SUMMARY OF THE INVENTION

Accordingly, it is an object of the present invention to provide a water jet processing method that can prevent abnormal processing and damage occurring when cut lines are made by water jet to intersect with each other, thereby providing satisfactory products.

In accordance with an aspect of the present invention, there is provided a water jet processing method using a water jet processing machine including: holding means for holding a platelike workpiece on which a first predetermined cutting line and a second predetermined cutting line intersecting the first predetermined cutting line are set; processing water supplying means for supplying high-pressure processing water; a nozzle adapted to emit the processing water supplied from the processing water supply means, to the workpiece held by the holding means; and emission-position moving means for relatively moving the nozzle and the holding means to change a position where the processing water is emitted from the nozzle to the workpiece; wherein while the nozzle and the holding means are relatively moved by the emission-position moving means, the processing water emitted from the nozzle is directed to the workpiece held by the holding means along the first predetermined cutting line and along the second predetermined cutting line to cut the first and second predetermined cutting lines, the water jet processing method comprising: a first cutting step for cutting the first predetermined cutting line to form a first cut line at a relative travel speed between the nozzle and the holding means set to a first speed; and a second cutting step for cutting the second predetermined cutting line to form a second cut line, the second predetermined cutting line being cut in a section anteroposterior to an intersection between the first cut line and the second predetermined cutting line at the relative travel speed set to a second speed lower than the first speed.

Preferably, in the second cutting step relative movement between the nozzle and the holding means is once lowered when water jet enters and cuts the anteroposterior section at the second speed.

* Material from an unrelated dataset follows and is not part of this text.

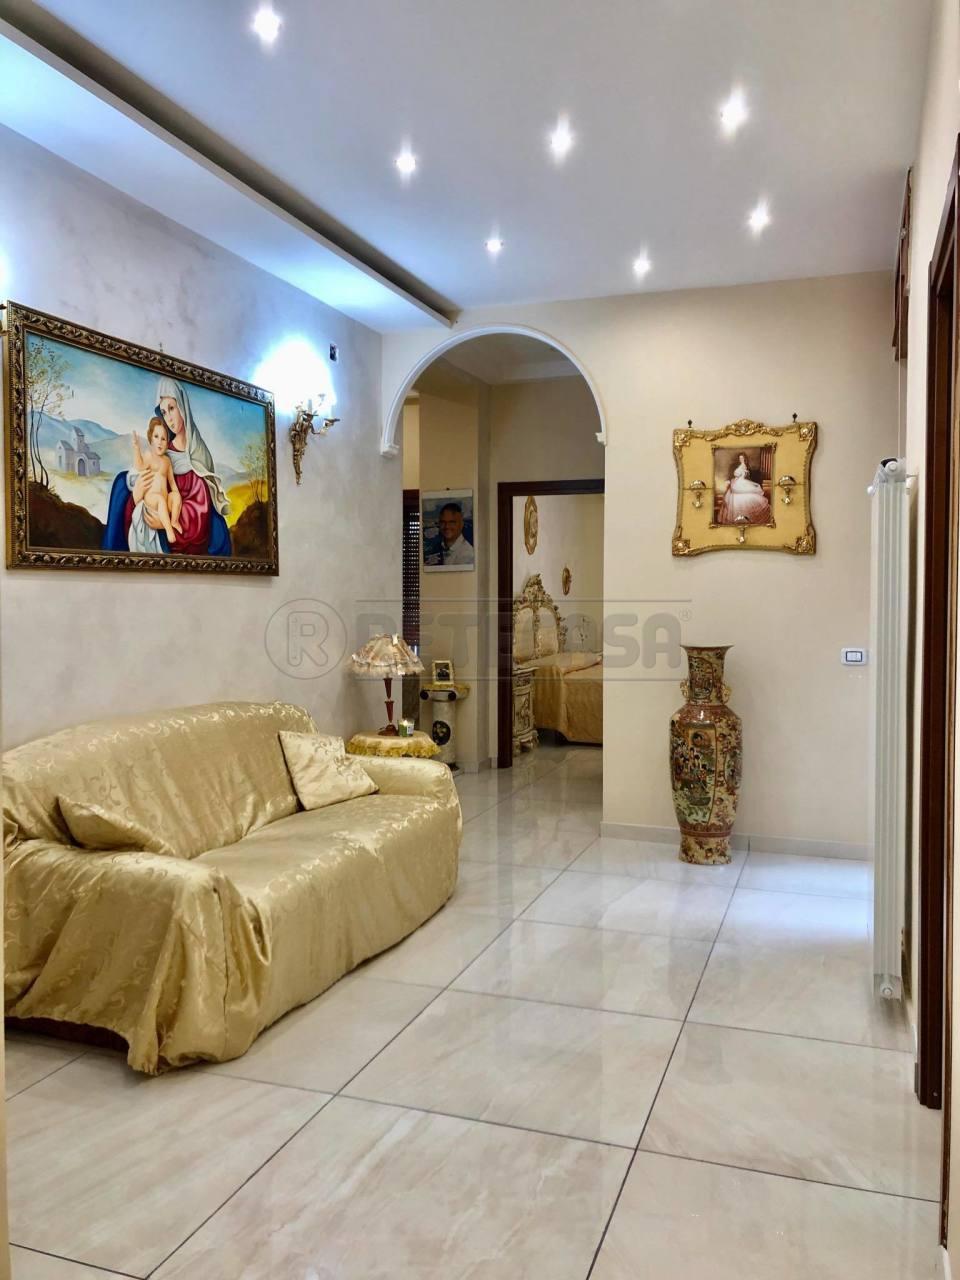 Appartamento in vendita a Castel San Giorgio, 4 locali, prezzo € 189.000 | CambioCasa.it
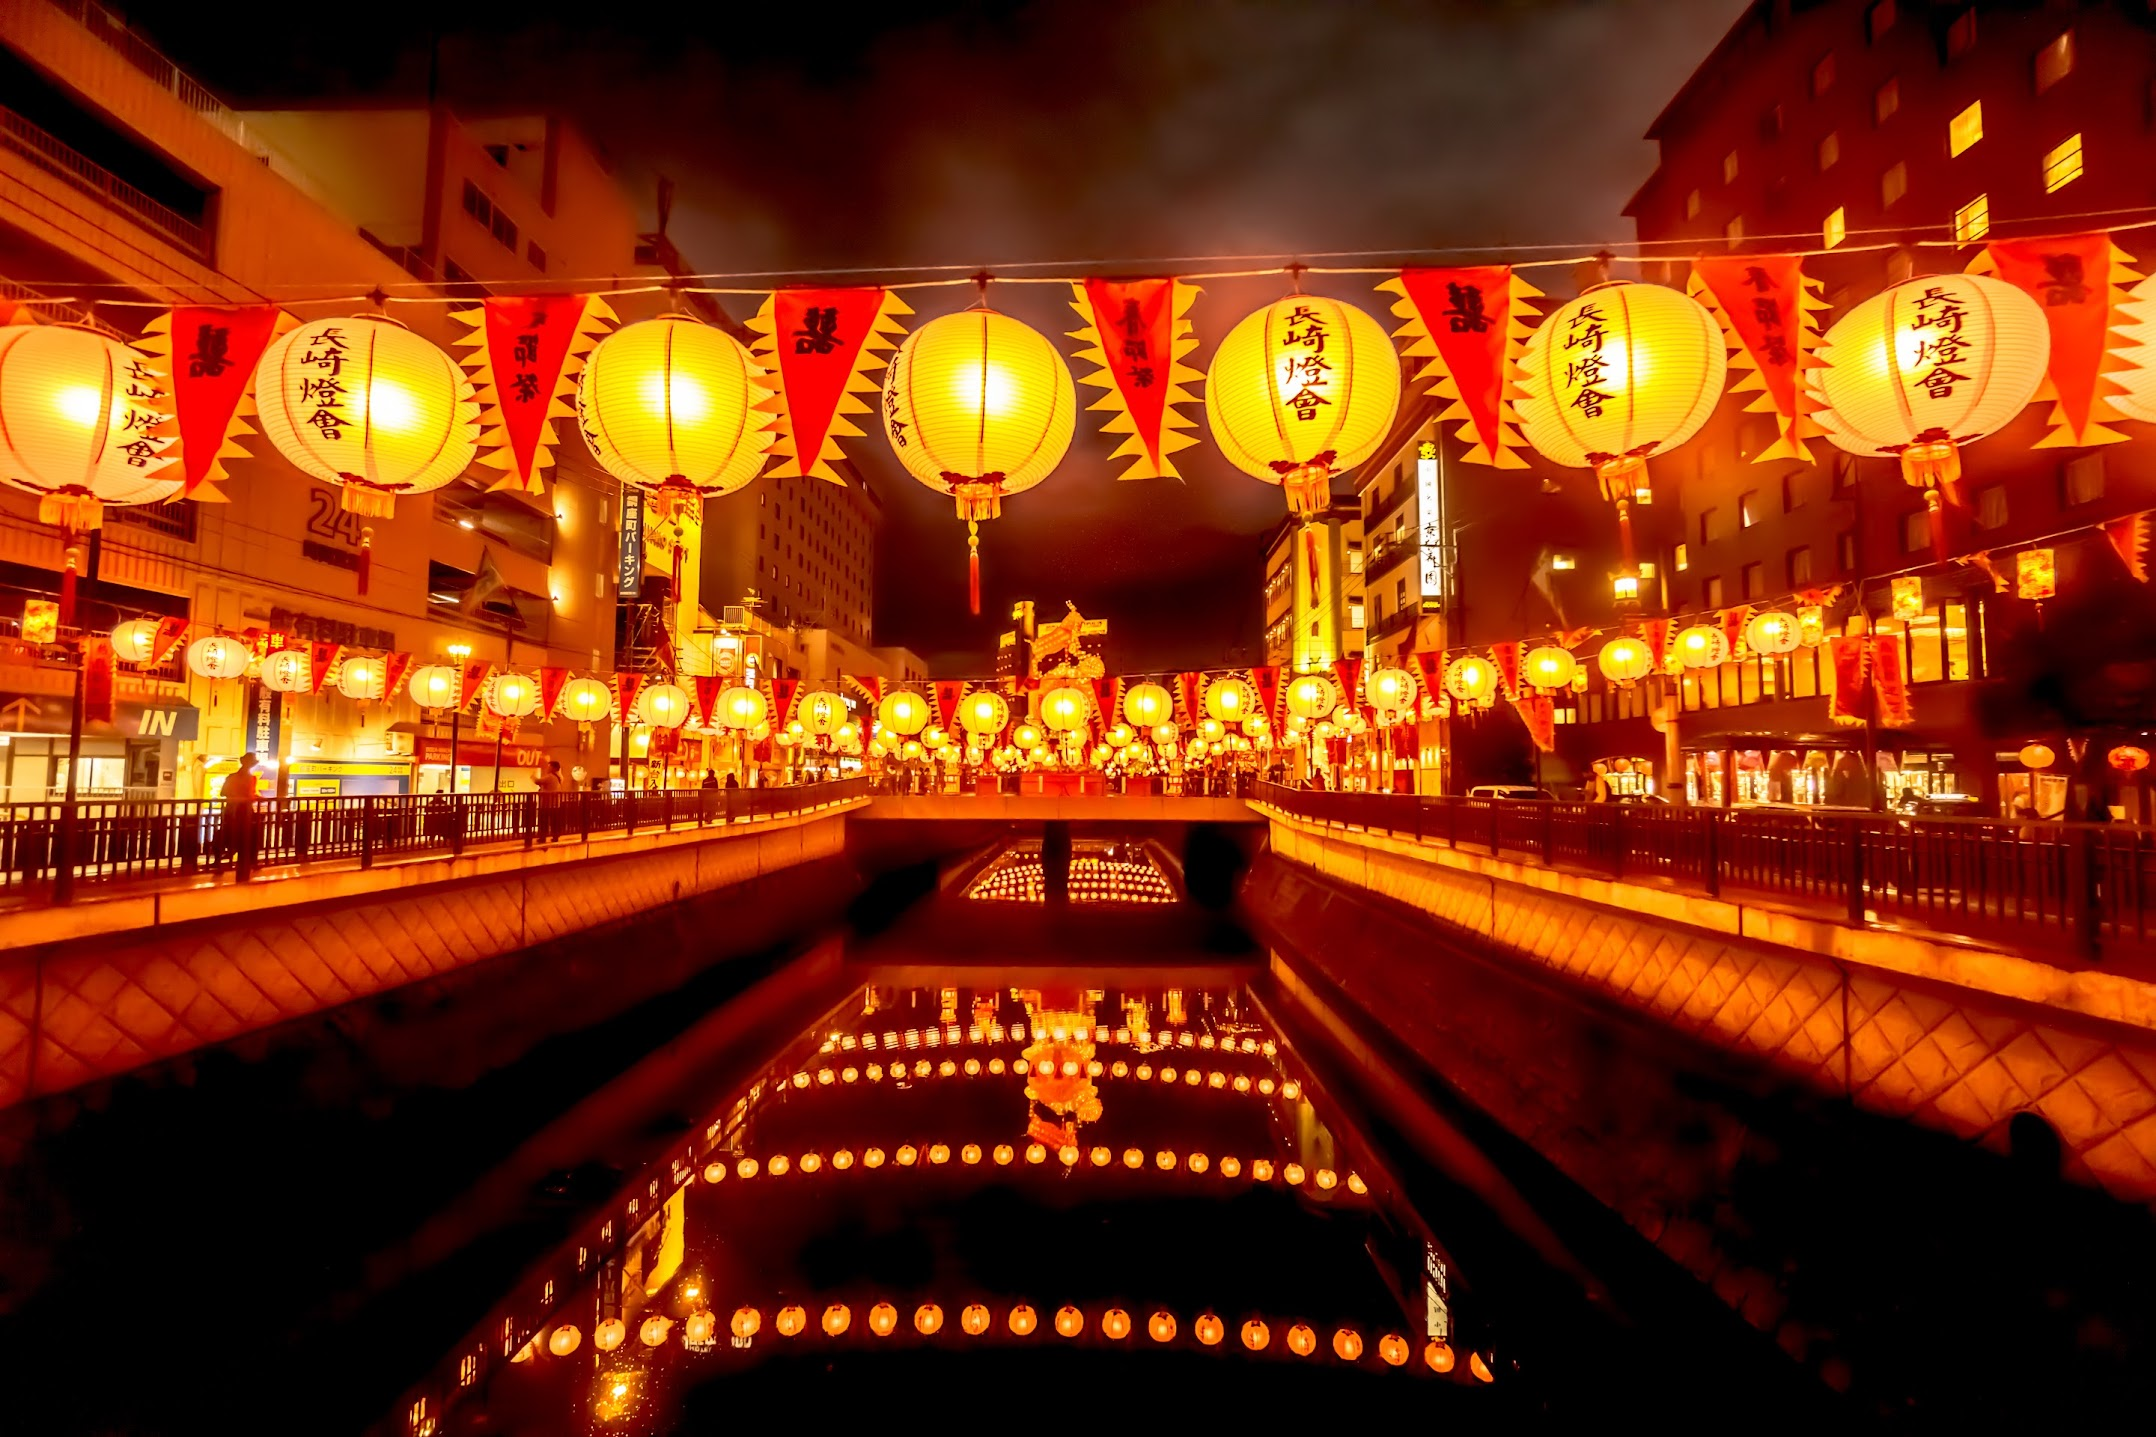 長崎ランタンフェスティバル 中華街1

First, the relative travel speed of the water jet in front of the intersection of the second predetermined cutting line with the first cut line is made lower; therefore, the angle θ of the delay-inclination shown in FIG. 7 is reduced to a near-zero angle. Thus, the escape of the water jet does not occur, which can reduce an insufficient processing area. In addition, the occurrence of the insufficient processing area can be suppressed depending on the travel speed. As a result, the occurrence of the projections 9 shown in FIGS. 8A and 8B can be prevented.

Next, when the second cut line is formed after it has traversed the first cut line, that is, the relative travel speed is lowered when the water jet is moved rearward of (to the leading side of the moving direction) the intersection of the cut lines, the water jet does not collide with the wall of the material to be cut, but slowly hits it to gradually carve the wall, forming the second cut line. Thus, the bounce of the processing water is unlikely to occur. That is to say, it can be prevented that the bounce of the processing water damages the vicinity of the opening of the second cut line to the first cut line.

In the present invention, the relative travel speed of the water jet in the second cut step is made low (lower than the travel speed during the formation of the first cut line) at least in the section or portion anteroposterior to the intersection of the cut lines. The water jet may be moved in the second cutting step at the travel speed (the first speed) equal to the travel speed during the formation of the first cut line other than the above section. In other words, for example, the following operating mode may be applicable. The second cut line is formed at the first speed and the relative travel speed of the water jet is reduced to the second speed immediately anterior to the first cut line. The water jet is relatively moved at the second speed until the second cut line traverses the first cut line, that is, cuts into it in a cross shape. Thereafter, the second speed is again returned to the first speed. The second speed is e.g. about ⅕ to 1/20, preferably, 1/10, of the first speed.

The present invention prevents the existence of the projections 9 shown in FIGS. 8A and 8B. The lower the second speed is, or the more the deceleration point where the first speed is switched to the second speed is spaced from the intersection with the first cut line, the more the size of the projection 9 can be reduced. If these conditions are controlled to conform to the thickness of the workpiece, it is possible not to leave the projections 9 or to bring the size of the projections 9 to an acceptable value or less.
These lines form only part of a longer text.